* _SUPPLIED DATA_
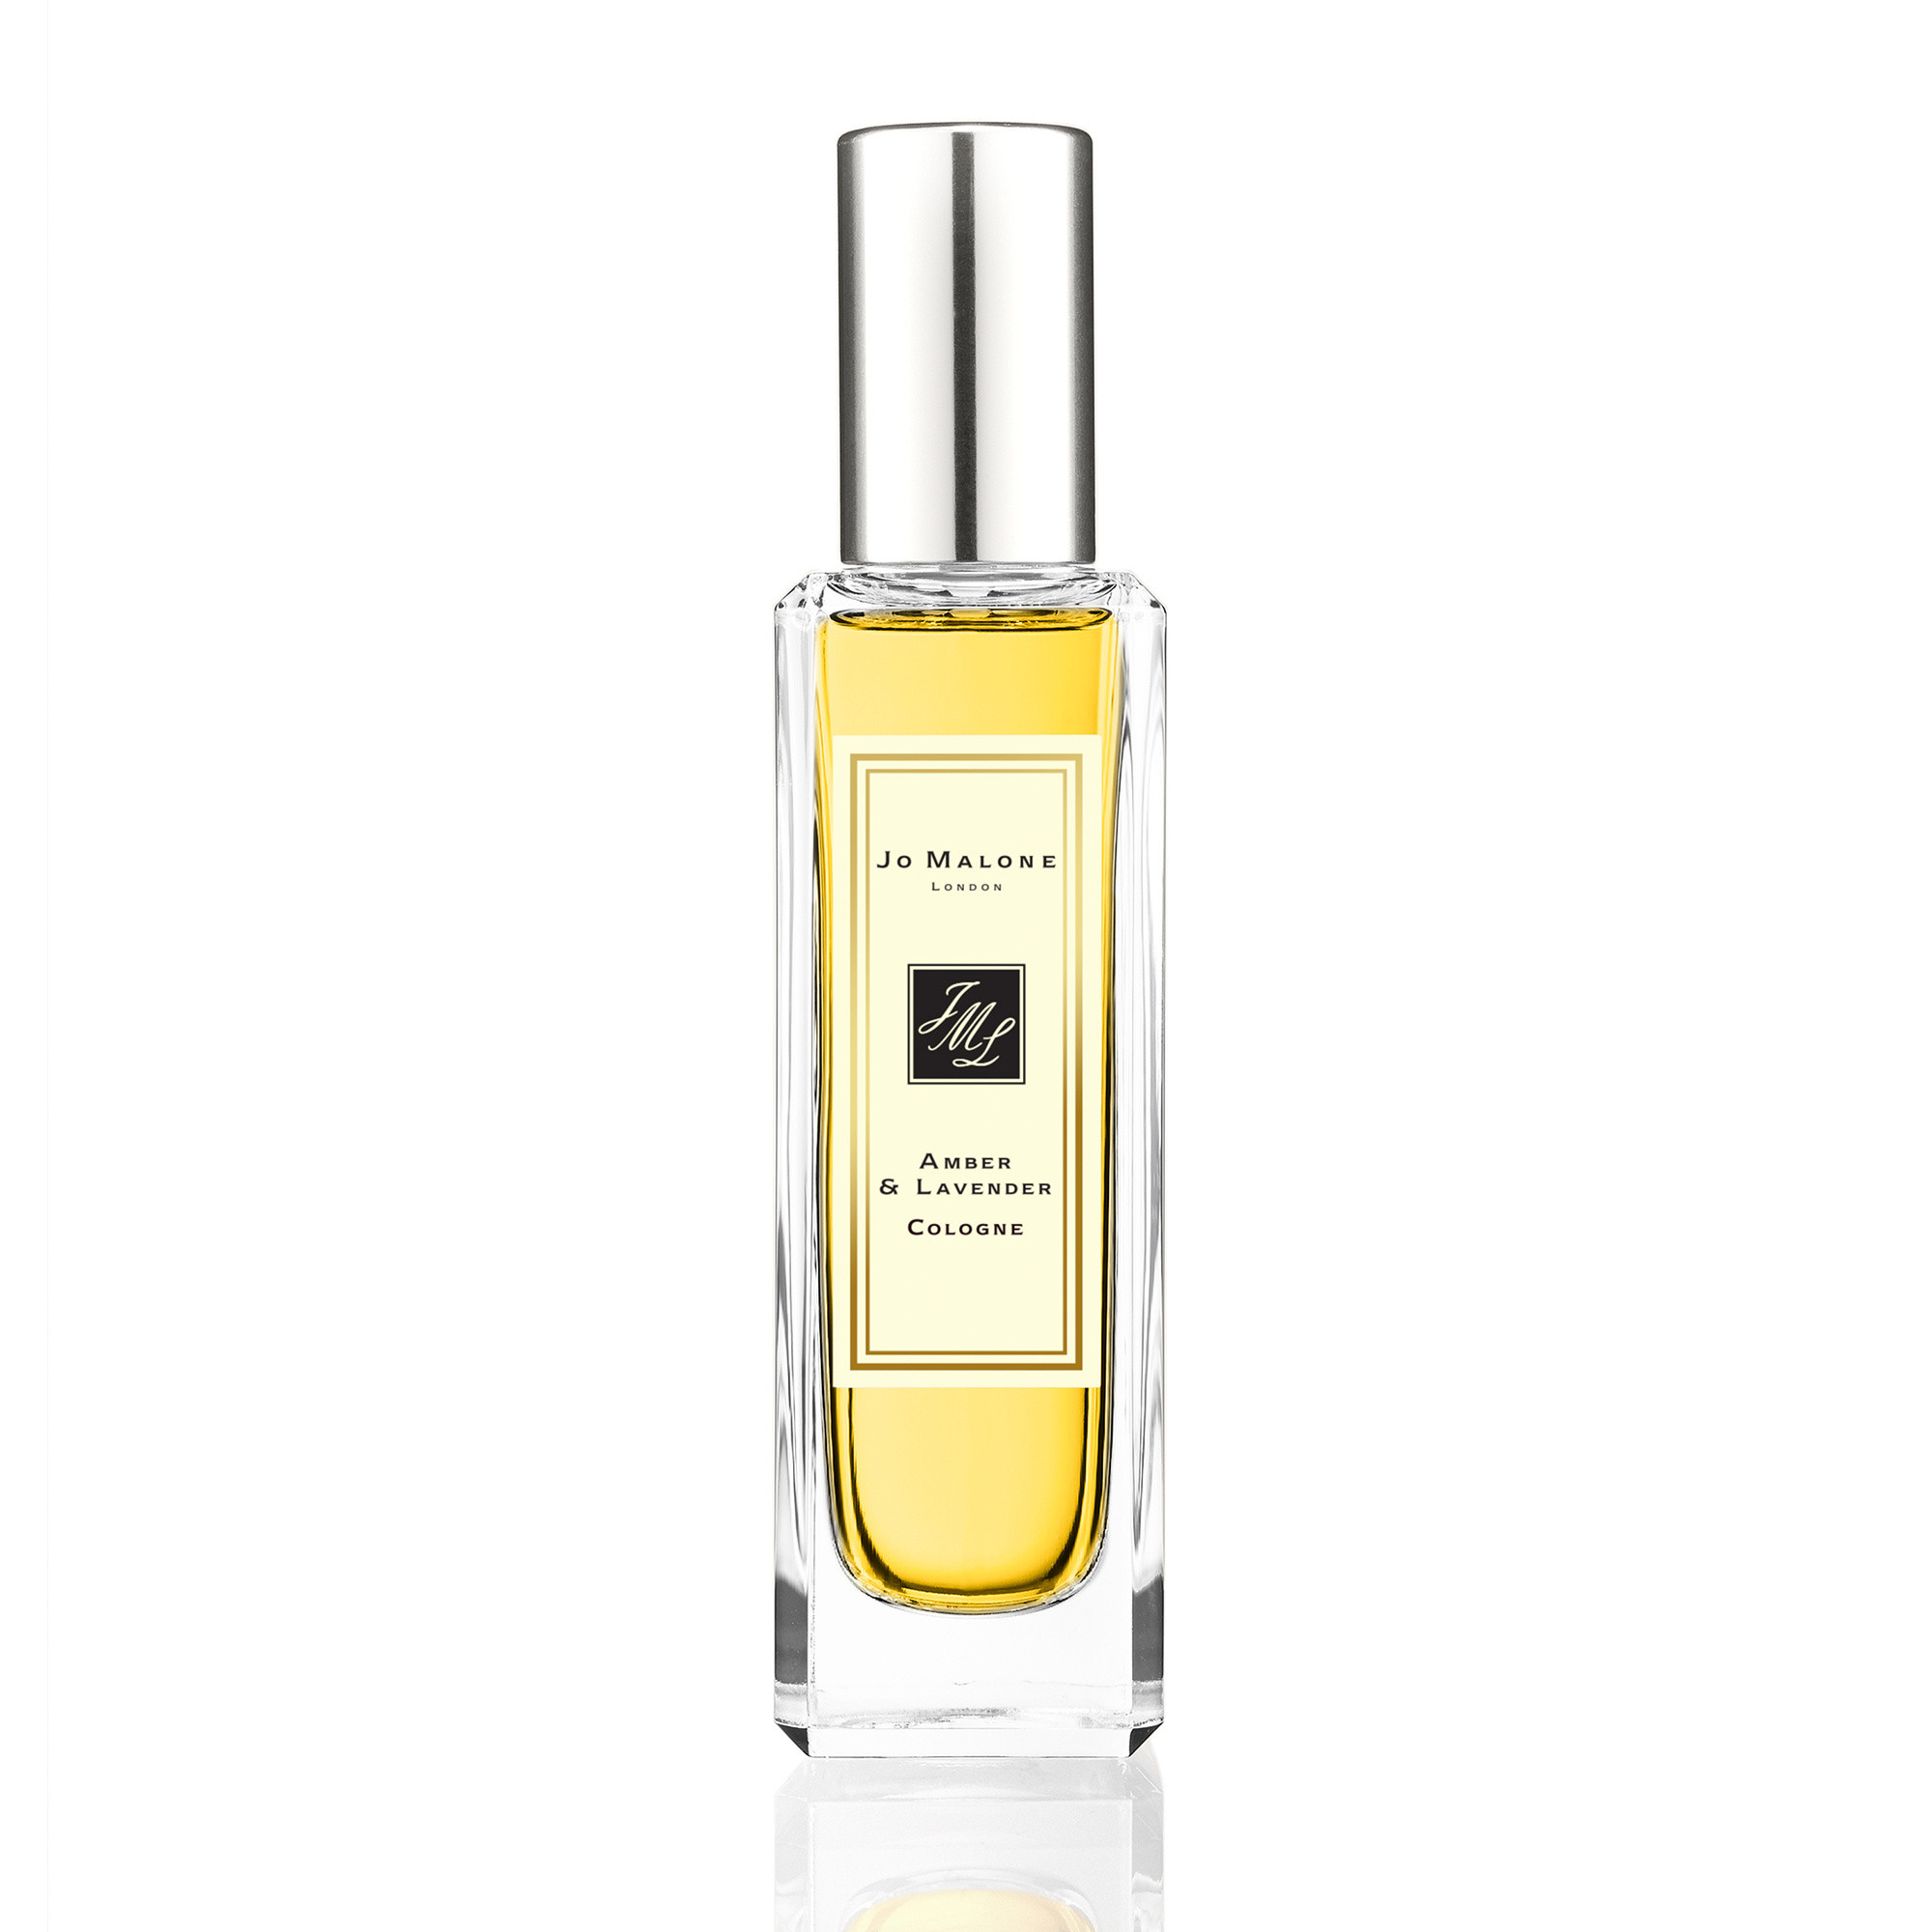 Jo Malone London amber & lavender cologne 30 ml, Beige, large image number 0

--

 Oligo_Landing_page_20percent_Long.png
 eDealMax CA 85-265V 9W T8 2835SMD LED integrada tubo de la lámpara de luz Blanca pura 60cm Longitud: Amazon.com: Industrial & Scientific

* _PROBLEM_
Return a word-for-word copy of the lines above from the one holding "Oligo_Landing_page_20percent_Long.png" through the one holding "eDealMax CA 85-265V", with both of them included and nothing besides.

* _WORKED SOLUTION_
 Oligo_Landing_page_20percent_Long.png
 eDealMax CA 85-265V 9W T8 2835SMD LED integrada tubo de la lámpara de luz Blanca pura 60cm Longitud: Amazon.com: Industrial & Scientific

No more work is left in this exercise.